門の前には、すでに何台かの自動車が並んでいた。しかしロイドは順番など構わずに中に入り、執事に名刺を渡し取次を願った。この臆面のなさが訪問記者の秘訣である。そして、幾度かおとずれて見知ったこの屋敷の待合室に、ノックもせずに入り込んだ。
すでに一人先客がいた。
どこかで見知った顔だった。
先客は小さな叫び声を挙げ、卓上においてあった古本を閉じた。布張りの大型のもので、かなり手擦れている。その背表紙を、先客はロイドとは反対の方に向けた。書物の題名を読ませたくないのだろう。ロイドはそれを不快に感じた。書物の間には何物かが挟み込まれているらしく見えた。
「マードック・スワンさん、どうぞ」
そう使用人に呼ばれ、スワンと呼ばれた先客は、書物を取って立ち上がった。
その拍子に、書物の間からなにかが滑り落ち、硬い音を立ててロイドの目の前に落ちてきた。と同時に、スワンの手が伸びてきて、ひったくるようにそれをポケットに放り込んだ。が、ロイドはそれを見逃さなかった。いや、視界に入ったそれに驚かされ、目に焼き付いてしまった。
鍵だ。
薙刀型の鍵。
柄にはスフィンクスの紋章。
「そちらの方はしばらくお待ちを願います」
使用人はそういって、扉を閉めていった。
ロイドの脳裏に浮かんだのは、同じような鍵を一本、ヨル・ブライアに与えたことだった。もしかするとあの鍵は、ヨルに渡したものなのではないか。

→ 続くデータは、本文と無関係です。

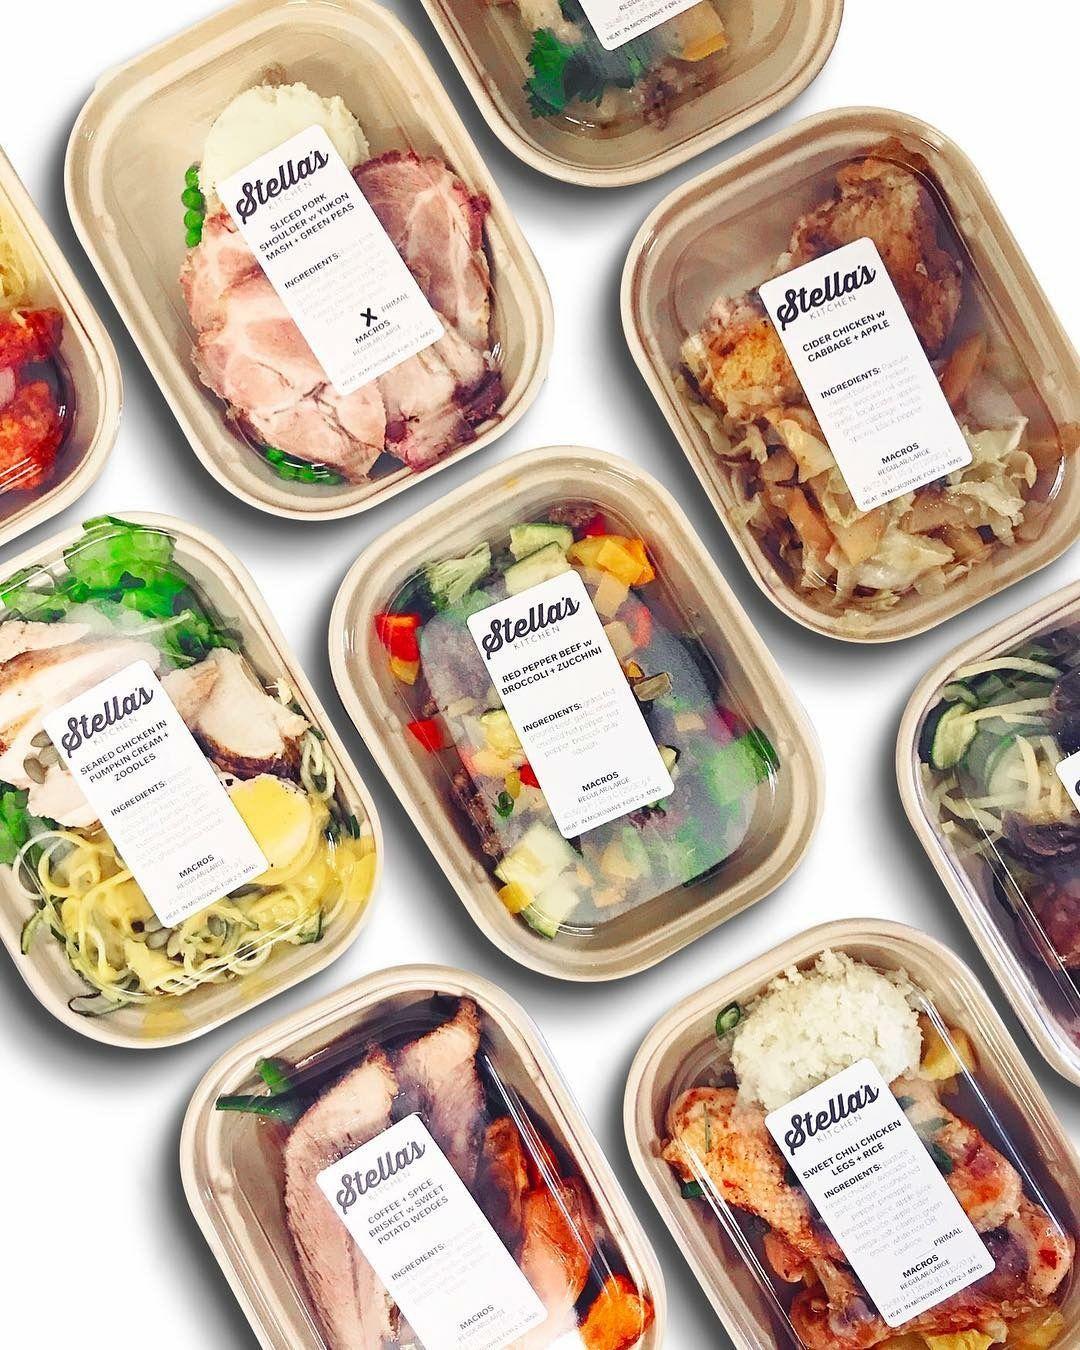 Pin By Rehan Beyg On Packaging Food Packaging Food Delivery Packaging Cafe Food

それにしても、マードック・スワンという男が、あの鍵を隠すような挙動に出ていたことは怪しい。
「どうぞ、お通りください」
屋敷の主人の書斎に通されたときには、スワンの姿はもうなかった。
どこから帰ったかという疑問は浮かんだ。
しかし、目の前にあったタペストリーの図面に再び驚かされ、それどころではなかった。
「そ、その絵はなんです」
ロイドがヨル・ブライアに与えた鍵、マードック・スワンが隠した鍵が、そこに大きく描かれていた。
「これは、スフィンクスの謎です」と、ヘンリー・ヘンダーソンは平然として答えた。
「聞かせていただけませんか、それについてあなたが知っていらっしゃることを」
「面白いことをおっしゃる。私は謎だといったばかりですよ。謎について知っていることがあるならば、それはもう謎ではありませぬな」
「質問を変えましょう。あなたは、絵だけではなく、実物の鍵を持っていらしゃいますか?」
「ああ、持っているとも。私はいま、こうした鍵を一〇〇ポンドで買い集めてるのだ。君もなにか心当たりがあるかね」
心当たりどころではない。ロイドは二四本の鍵を持っている。ロイドは二四〇〇ポンドの大金を手にしているのと同じなのだ。
「いえ、変わった鍵だと思ったのでついうかがっただけです……」
ガーデン侯爵夫人は〈バベルの箱〉の提げ網を探しており、ヘンリー・ヘンダーソンは〈バベルの箱〉の付属物であるスフィンクスの鍵を探している。ロイドは、まだことを明かすのは早いと思った。